OVER THE PAST 5,000 years, the evolution of the pen has taken a remarkably leisurely pace. It has gone from sharpened sticks scraping cuneiform on tablets of Sumerian clay to become, in turn, a quill, fountain pen, ball-point, felt nib, and currently, the ink-gel pen. The most significant innovations in the development of the pen have been the addition of ink and the refinement of the nib.
But now plans are afoot to overhaul the humble writing instrument completely and turn it into a wireless digital device that converts the written word from ink on paper to digits that can be transmitted by a mobile phone or stored on a personal computer or network.
Getting words from paper to a network or PC, however, is no easy matter. First, the digital pen has to sense what is being written, convert it from graphical form into text, and then beam it to a nearby device for storage or transmission via the Internet.
Patterns on paper
The special paper is like an "intelligent map". One area of it can be used for making notes, another for ticking a box that says "Send this note as e-mail," or still another saying "Send this note as a fax."

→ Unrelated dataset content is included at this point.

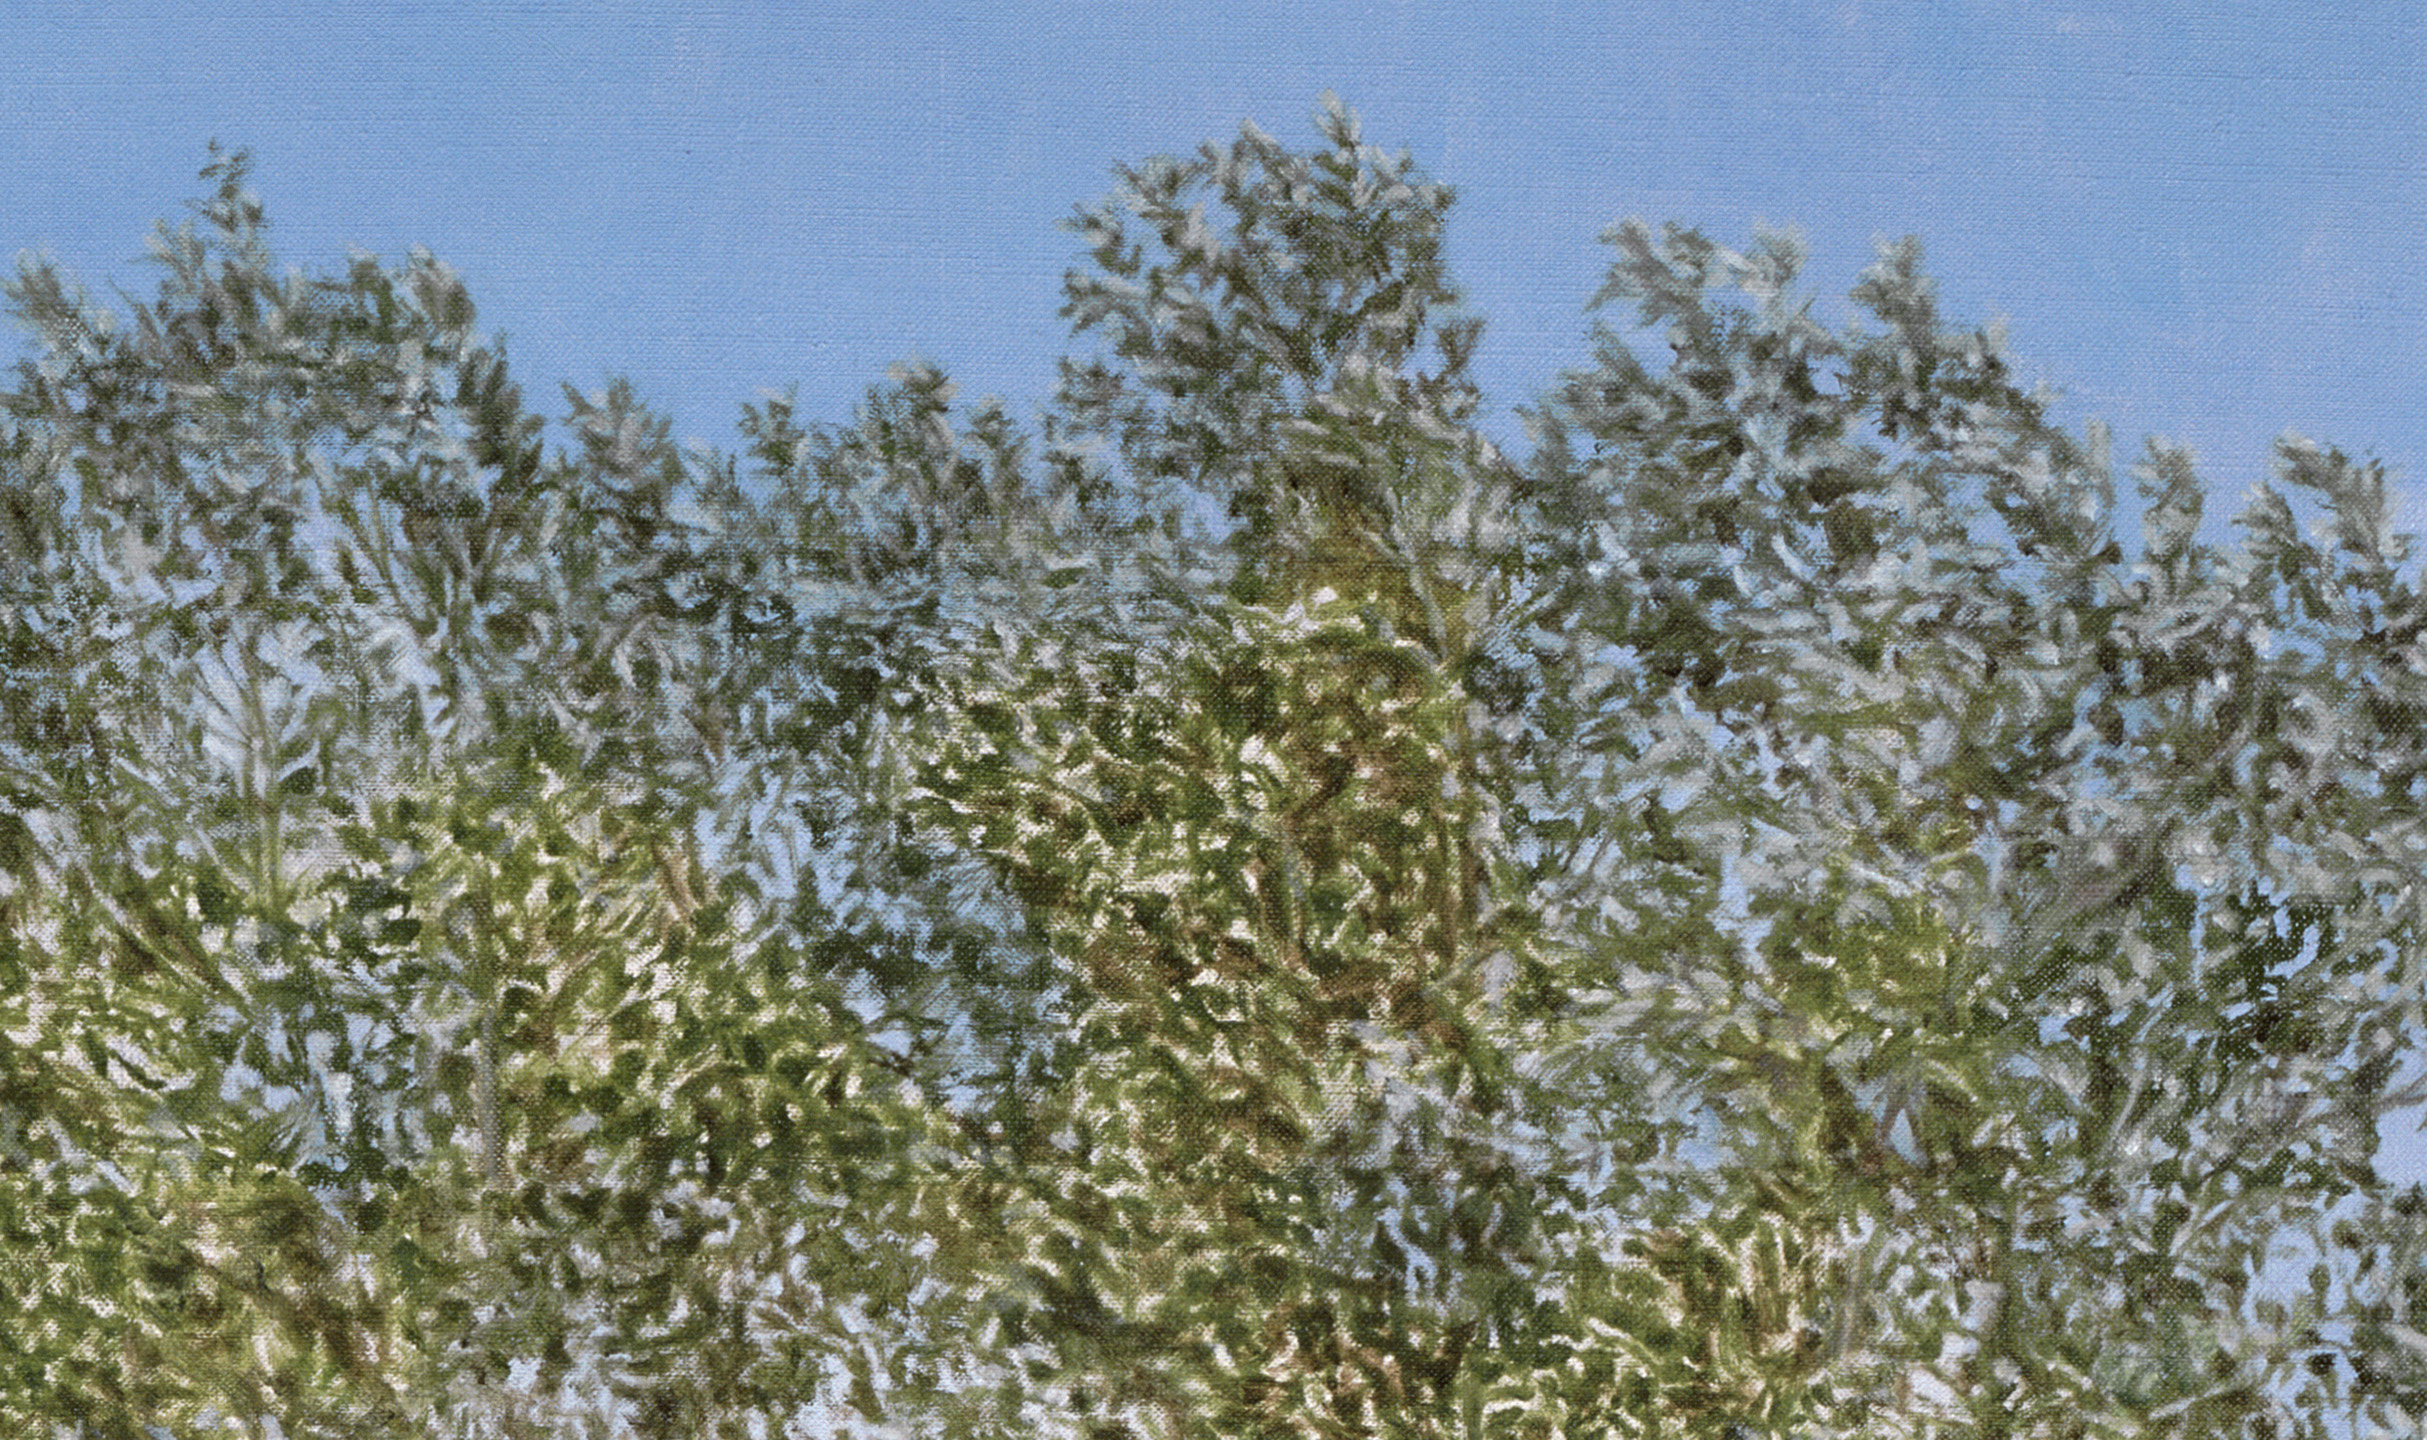   Montana Detour Tree &nbsp;(Detail), 2014 Oil on linen 60 1/2 x 38 inches

Anoto's pen has been chosen by mobile phone company Ericsson for the "Chatpen," which will send data to mobile devices using a Bluetooth wireless chip, and is due out in coming months.
Anoto has also forged alliances with various paper and stationery companies, including Filofax and Mead Corporation, two makers of pocket organizers and desk planners. Each day in a diary or calendar will be ingrained with the Anoto pattern, so that an Anoto pen and its associated software can process the scheduling and reminders electronically.
In the future, companies may be able to license segments of the Anoto pattern to use in their print advertising. Consumers would then be able to look at adverts in newspapers or magazines and tick Anoto-patterned boxes that say "Buy this" or "Send more information."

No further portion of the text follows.